Christopher Goff, CEO and general counsel of Employers Health, argues that an upcoming U.S. Supreme Court case “threatens to undermine important protections for employers across the country who provide health care benefits.“ | Photo Courtesy of Pixabay
Christopher Goff, CEO and general counsel of Employers Health, argues that an upcoming U.S. Supreme Court case “threatens to undermine important protections for employers across the country who provide health care benefits.“ | Photo Courtesy of Pixabay
As the uncertain and unceasing public health care crisis brought on by COVID-19 rages on, it is more important than ever for American families to have access to quality, affordable health care, regardless of where they live. At Employers Health, we know how much effort employers, labor unions, and others here in Ohio and across the country put into providing families these life-saving benefits. It’s why we work closely with companies to negotiate savings on prescription drugs and keep administration costs low.
But a case about to be heard by the Supreme Court threatens to undermine important protections for employers across the country who provide health care benefits.
What’s at stake when the Court hears Rutledge v.
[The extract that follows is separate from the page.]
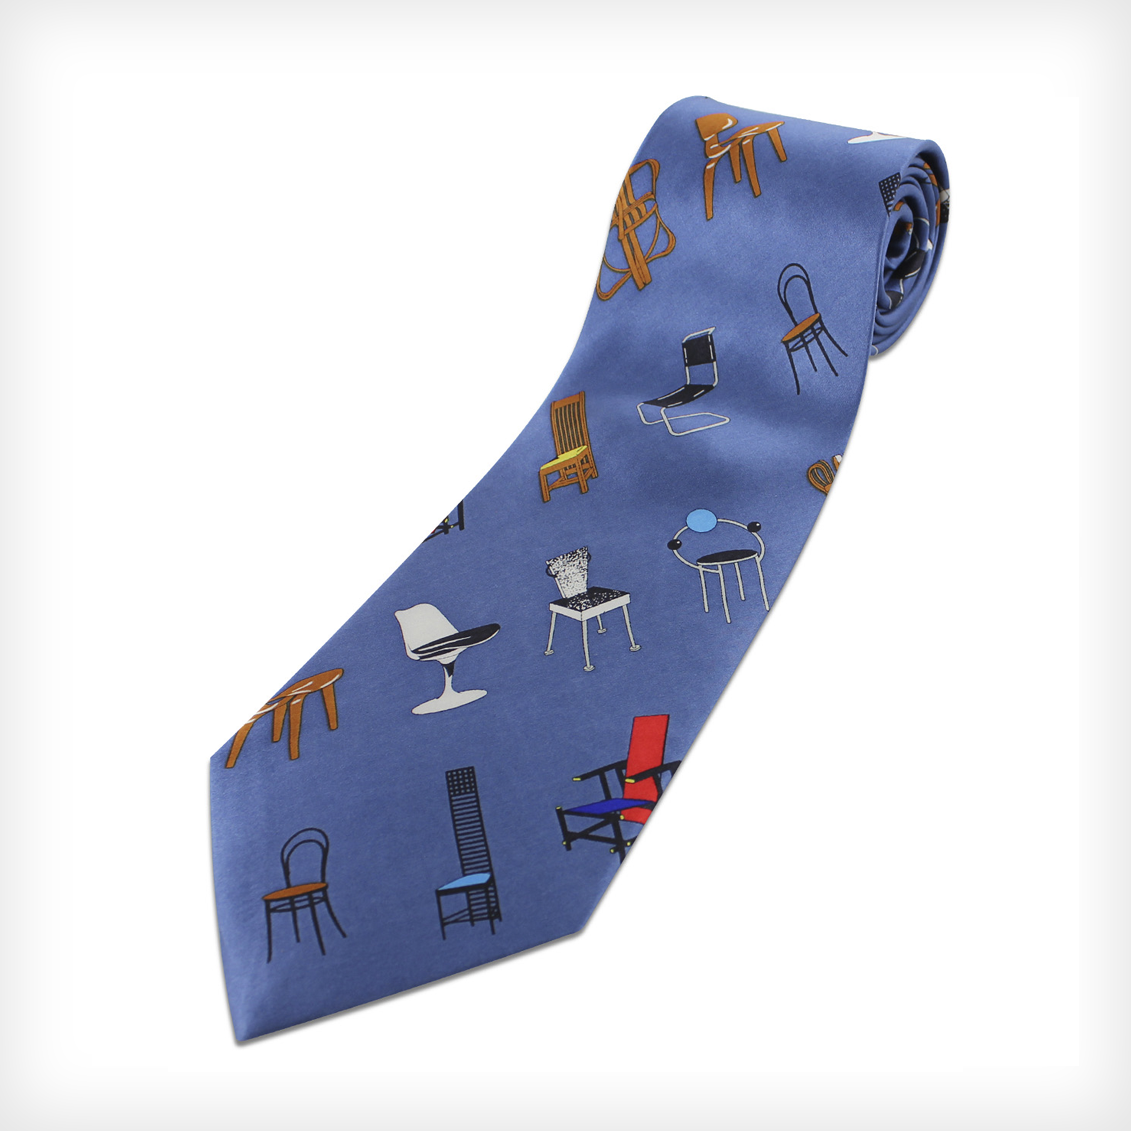 "Chairs" Tie

PCMA in the coming weeks is the foundation of employer-sponsored coverage. The case centers around a 2013 Arkansas law that increases cost, creates more red-tape and interferes with a patient’s ability to rely on in-network pharmacies to get their medications. The law guarantees minimum reimbursements for pharmacies and would allow a pharmacist to turn away a patient at the counter if the pharmacist doesn’t believe he or she is making enough money on that particular medicine, despite his or her agreement to participate in the health plan.
Christopher Goff is the CEO and general counsel of Employers Health.
| Employers Health
This case turns on the key question of whether the court will allow states to erode important federal protections, and in doing so threaten the ability of employers to deliver consistent, affordable, and high-quality health benefits programs.
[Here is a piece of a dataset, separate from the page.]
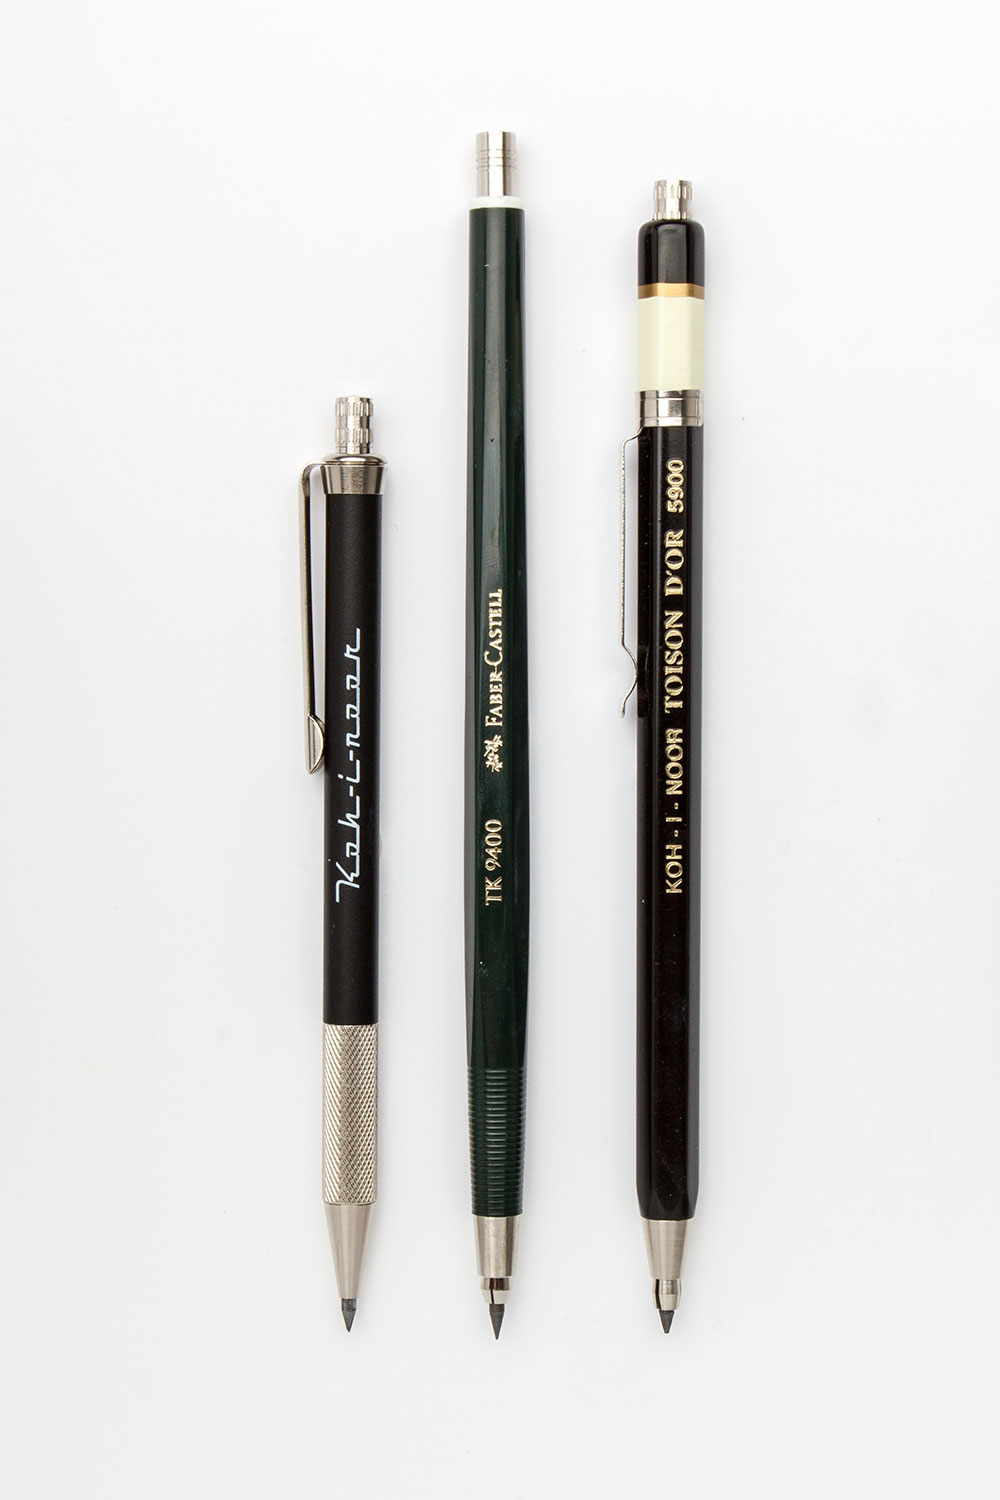 TK Clutch Pencil Leads 2mm Faber-Castell 2B tube of 10 leads

To put it another way: Do workers living in Ohio deserve less access to quality care and the medications they need, while their colleagues, doing the exact same job at the exact same company 30 miles away in Indiana, get access to better care simply because of where they live? No. But that’s what could happen if the Supreme Court overturns the Circuit Court ruling that struck down the Arkansas law for employer plans because it interfered with key federal protections preventing this kind of state overreach.
State interference and overregulation is not a new concept, which is why Congress anticipated this exact conflict more than 45 years ago In order to protect employees and ensure they received the full value of the benefits their employers offered, Congress passed the Employee Retirement Income Security Act (ERISA) in 1974. This law ensured employers would not have to waste resources trying to manage unpredictable and varied state-based systems that could create disparities among employees and inefficiencies for employers.
Under ERISA, employers who provide benefits are required to be financially responsible with employee health care dollars. This means that they seek out the best available benefits at the lowest available cost. Covering all employees under one plan allows employers to take advantage of economies of scale and use their full bargaining power to negotiate the highest-value health care benefits possible.
Federal courts, including the Supreme Court, have upheld these important protections and preemption of state laws that interfere with them. If the Supreme Court decides to upend this longstanding precedent, the consequences for employers and patients will be far-reaching.
First, health care costs for employers and employees will increase; that’s a fact.
Second, employers’ administrative burdens will become even more onerous. At Employers Health, we work with plan sponsors to reduce the red tape and help them deliver quality benefits at a reasonable cost. Our complex regulatory system already makes this difficult — allowing a patchwork of regulation from states will make it even worse. Instead of offering innovative, strategic solutions to lower the cost of care for employees, employers will need to spend more time and more money to comply with an assortment of new regulations.
Finally, there will not be organized and consistent rules of the road for employee health benefit plans and policies, making it a regulatory landmine for employers. This will create confusion and chaos, and result in decades of complicated, overlapping powers and litigation — with taxpayers footing the bill.
For the sake of patients here in Ohio and across the country, we need the Supreme Court to prevent states from dismantling a system that has allowed employers to provide equitable and affordable health care benefits for employees and their families for more than 45 years.
Christopher Goff is the CEO and general counsel of Employers Health, a company that provides administrative support to health plan sponsors. Having led the organization for 25 years, he counsels plan sponsors in the areas of employee benefit strategies, contracting, ERISA and Affordable Care Act compliance. He is also an adjunct professor of law at The University of Akron School of Law where he co-directs the health law program.